Mi código se basa en el modelo de clasificación de iris prefabricado proporcionado por TensorFlow. Esto significa que estoy usando un clasificador premade Tensorflow DNN, con la siguiente diferencia:

  • 10 características en lugar de 4.
  • 5 clases en lugar de 3.

Los archivos de prueba y entrenamiento se pueden descargar desde el siguiente enlace: https://www.dropbox.com/sh/nmu8i2i8xe6hvfq/AADQEOIHH8e-kUHQf8zmmDMDa?dl=0

He creado un código para exportar este clasificador a un formato tflite; sin embargo, la precisión en el modelo de Python es superior al 75%, pero cuando se exporta, la precisión disminuye aproximadamente al 45%, lo que significa que se pierde aproximadamente el 30% de precisión (esto es demasiado) . He probado el código con un conjunto diferente de datos y en todos ellos, la precisión después de la exportación disminuye mucho. Esto me hizo pensar que algo va mal con la función TocoConverter o que tal vez estoy exportando a tflite incorrectamente, faltando un parámetro o algo así.

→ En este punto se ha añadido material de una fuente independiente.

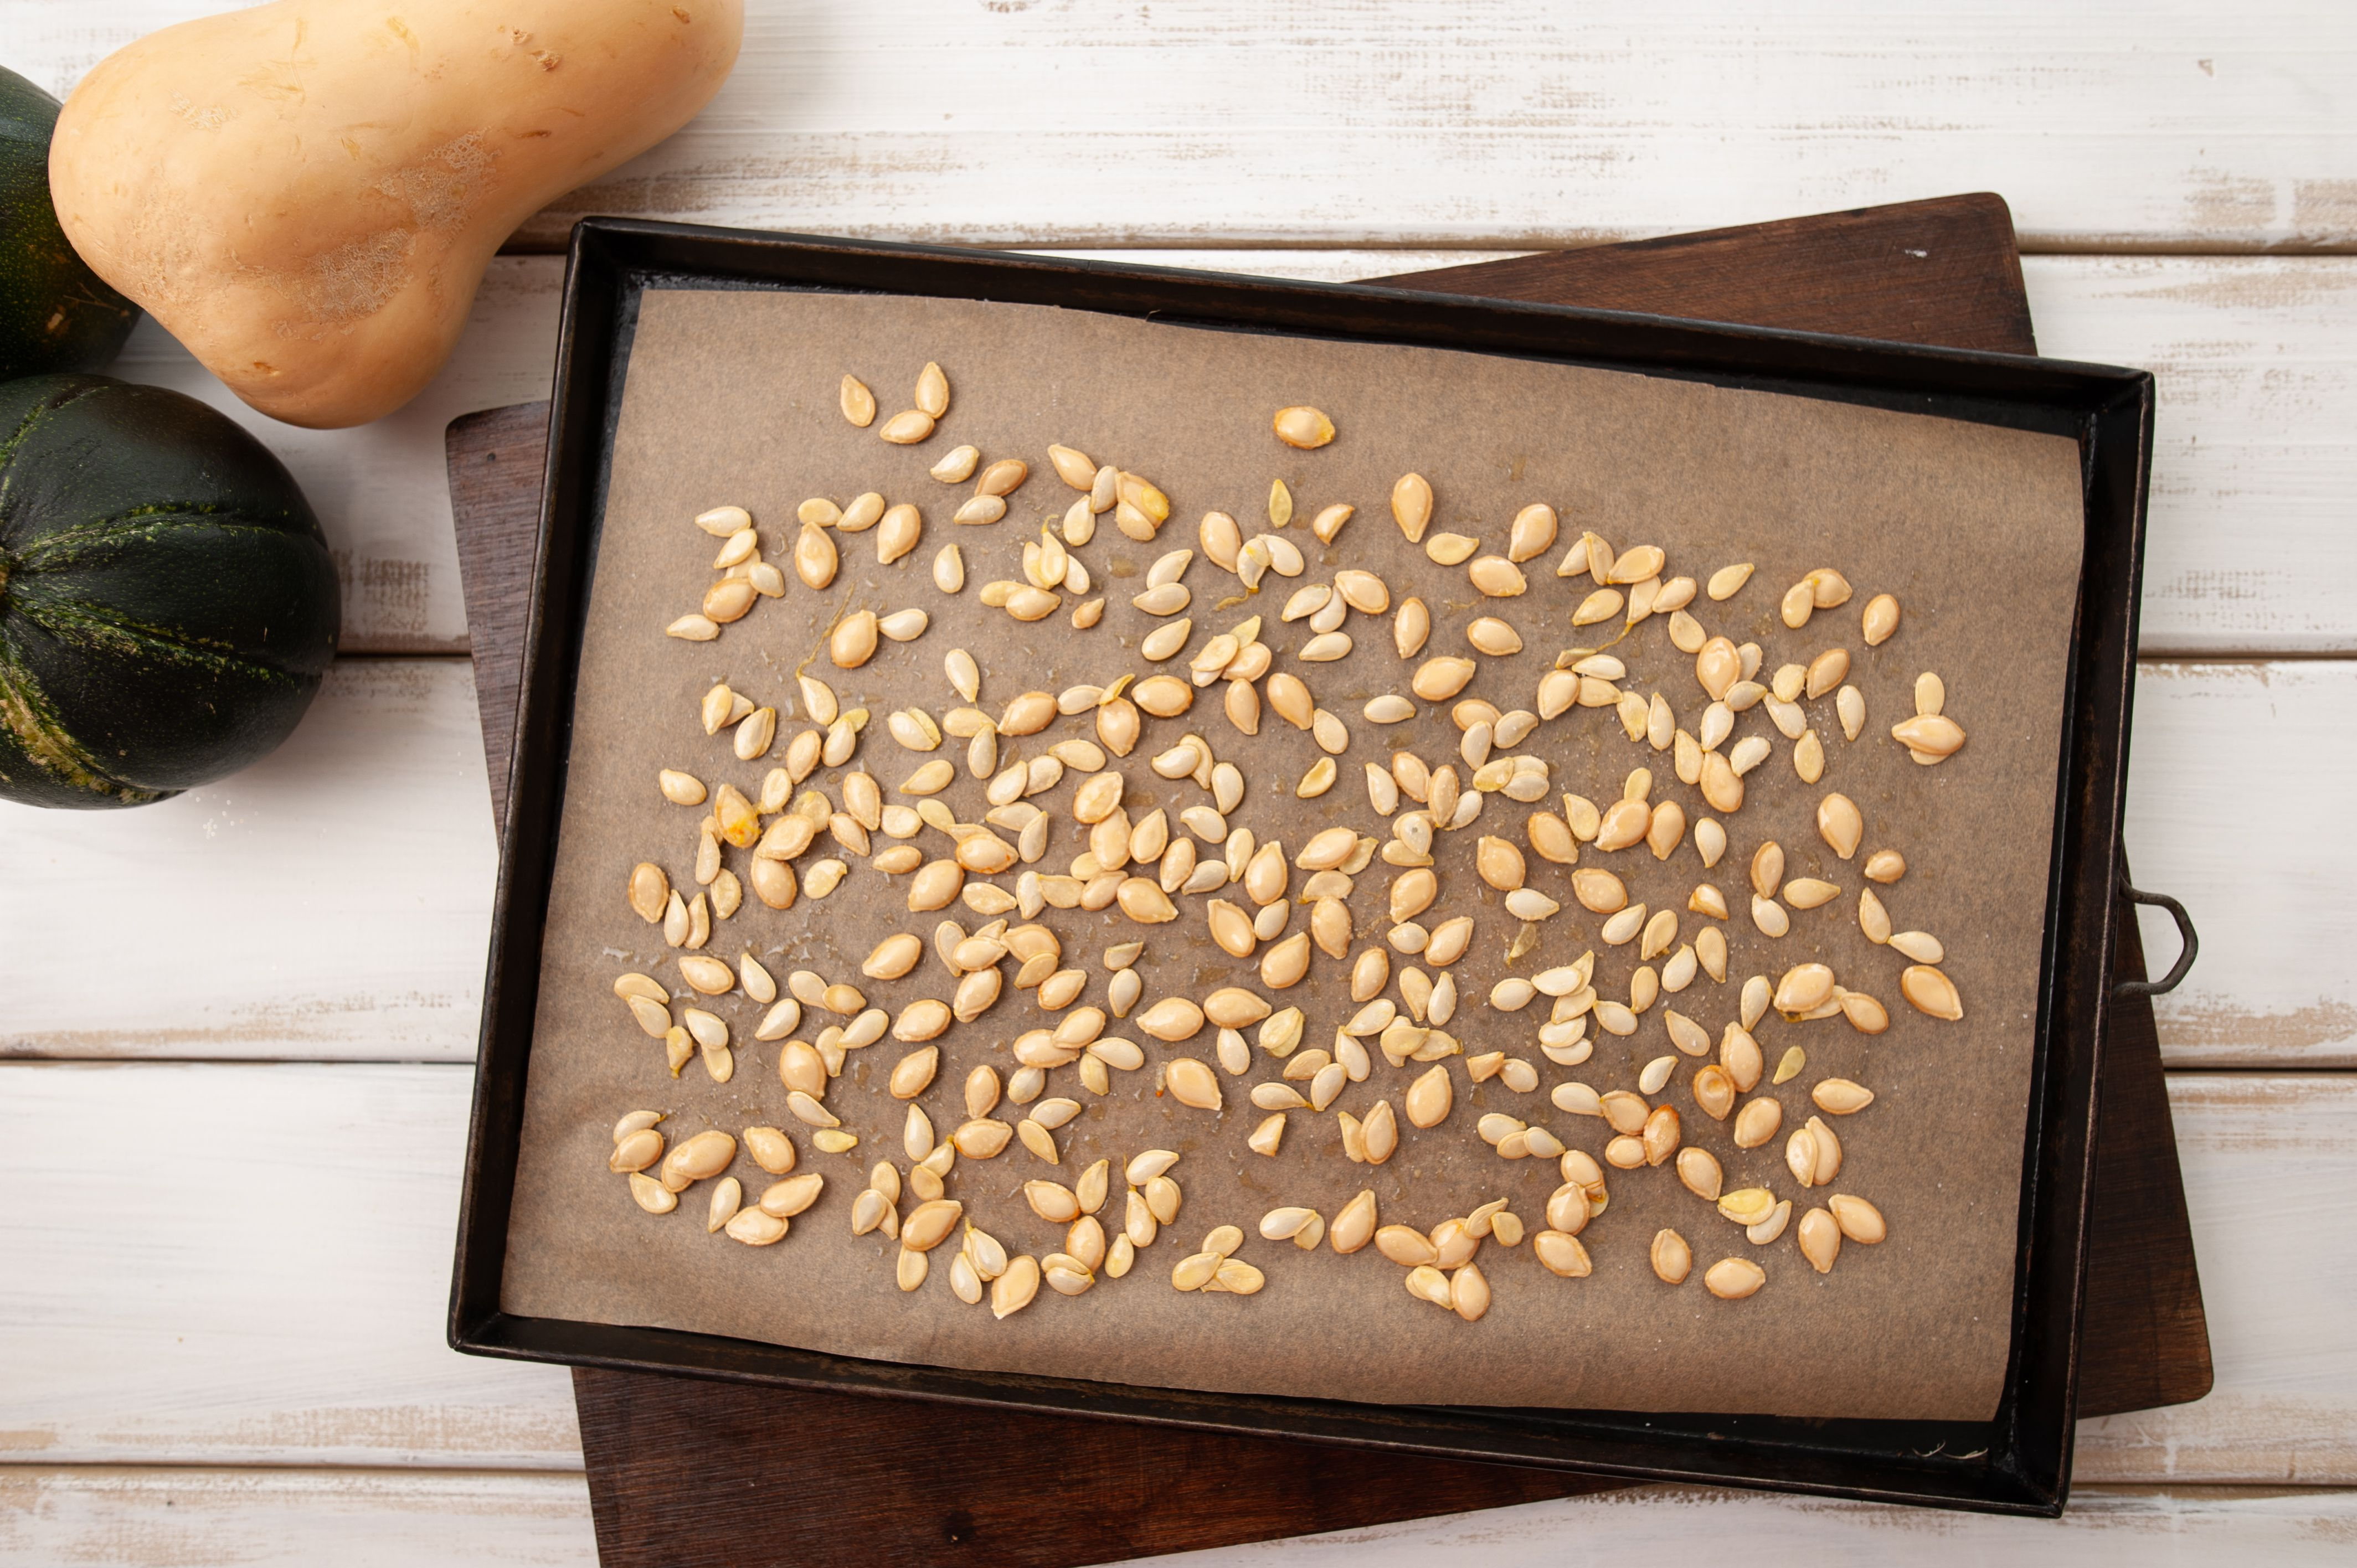 Seeds on a baking sheet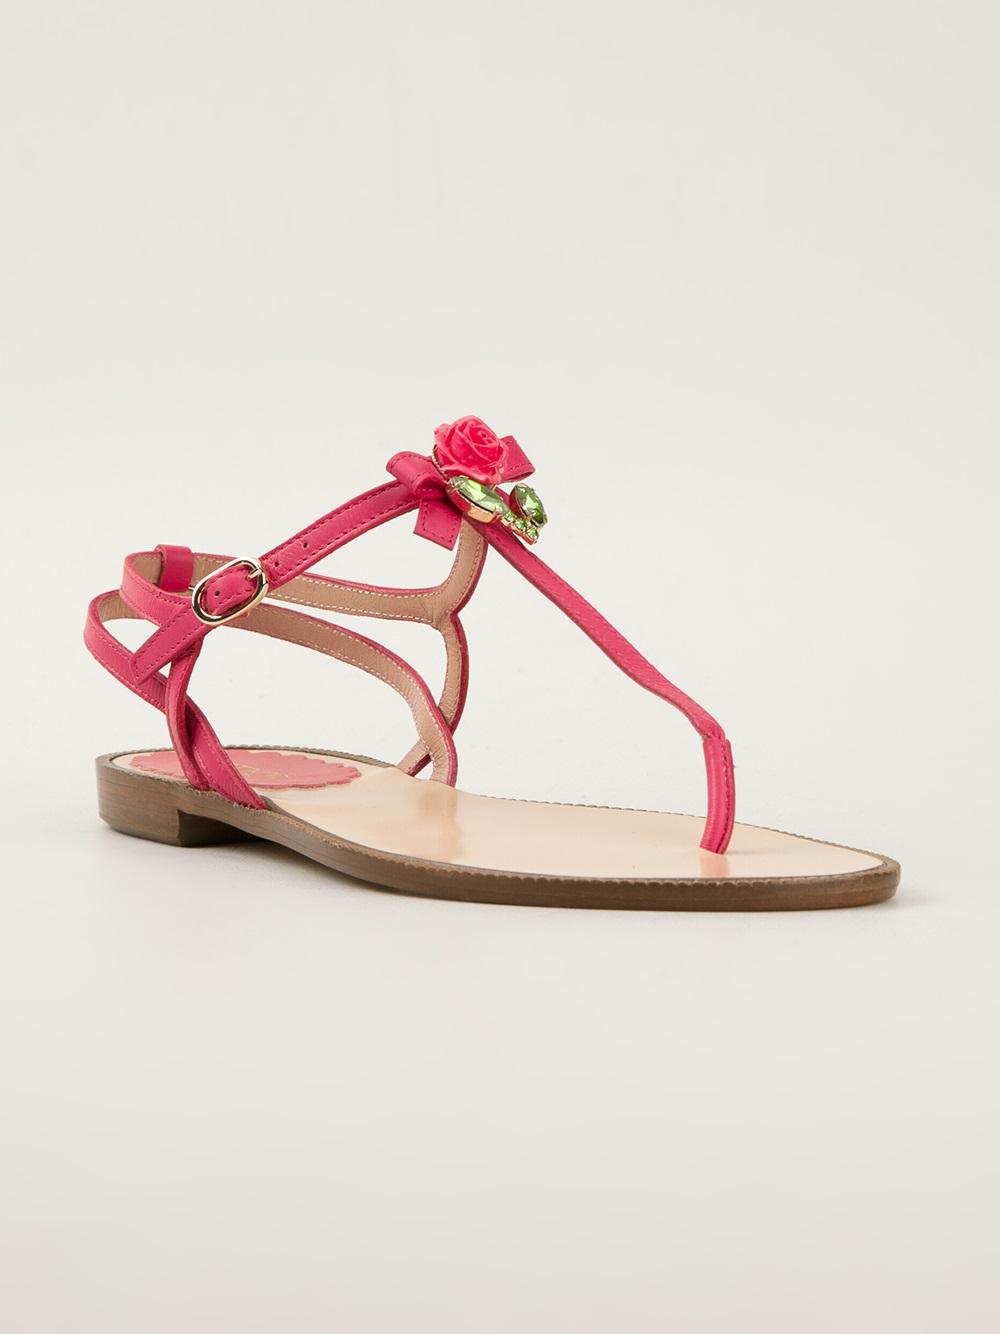 valentino embellished sandals in pink pink

Así es como genero el modelo:

    classifier = tf.estimator.DNNClassifier( feature_columns=my_feature_columns, hidden_units=[100, 500], optimizer=tf.train.AdagradOptimizer(learning_rate=0.003), n_classes=num_labels, model_dir="myModel") 

    Y esta es la función que estoy usando para convertir a tflite:

     converter = tf.contrib.lite.TocoConverter.from_frozen_graph(final_model_path, input_arrays, output_arrays, input_shapes={"dnn/input_from_feature_columns/input_layer/concat": [1, 10]}) tflite_model = converter.convert() 

    Comparto el código completo en el que también calculo la precisión del archivo .tflite resultante.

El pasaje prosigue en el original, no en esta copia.